A widely published poet and member of the Bates faculty since 1990, Farnsworth sees that relationship as a two- or three-year conversation conducted through “office-hour meetings, workshop discussions, scribbling on manuscripts that students give me,” he explains.
“I try to pay close attention to what they initially feel they want to do, and what challenges can be put in front of them to widen the possibilities for their writing, to give them some opportunity to see themselves into territories that they did not know existed for them.”
Farnsworth is the right teacher for young writers still seeking their voices, says Gabe Fried ’96, winner of the 2007 Kathryn A. Morton Prize for his debut collection of poems, Making the New Lamb Take.
“Great teachers — of anything — recognize the strengths of the students in front of them,” says Fried. “Rob allowed us to explore our strengths and ambitions while making sure we could live with our shortcomings.”

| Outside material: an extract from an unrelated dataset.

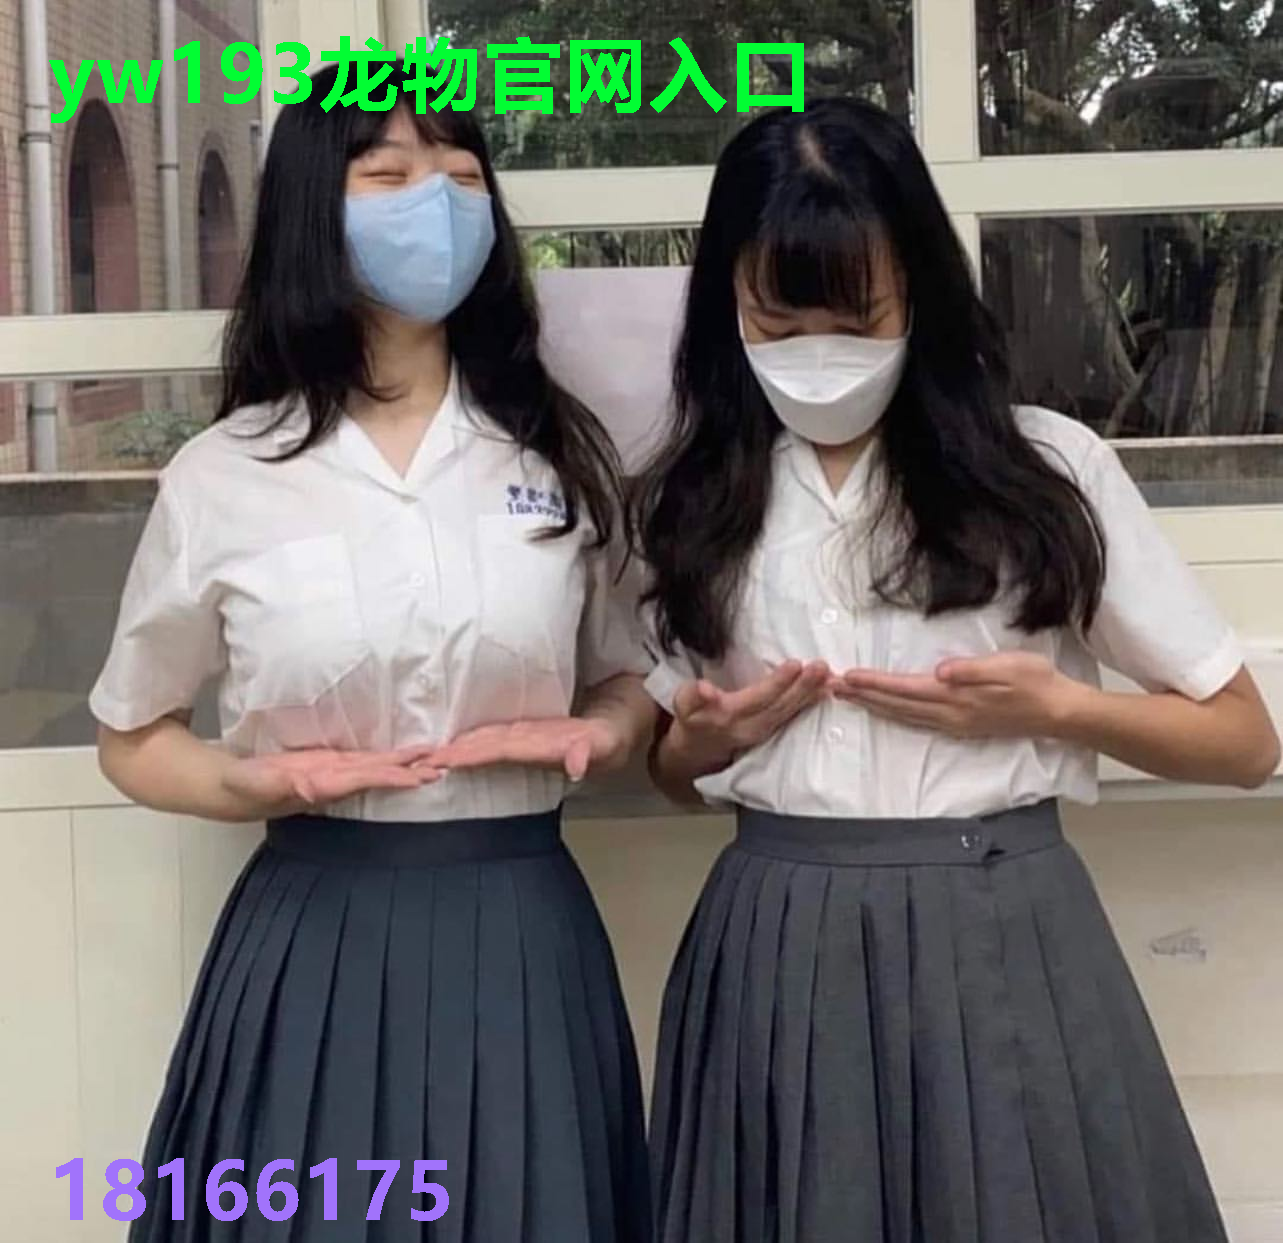 yw193龙物官网入口

This mentoring approach, aspirational and challenging, has elicited enduring appreciation from the ranks of Farnsworth proteges. In fact, support from students resulted in Farnworth’s receiving the 2008 Kroepsch Award for Excellence in Teaching, an honor determined through the votes of past and present students.
The award joined a list of credentials that includes a PEN New England Discovery Award, a 2006 summer residency at the Frost Place in Franconia, N.H., and the role of featured speaker at Bates’ 2006 Convocation — again through a student vote, this time that of the departing Class of 2006.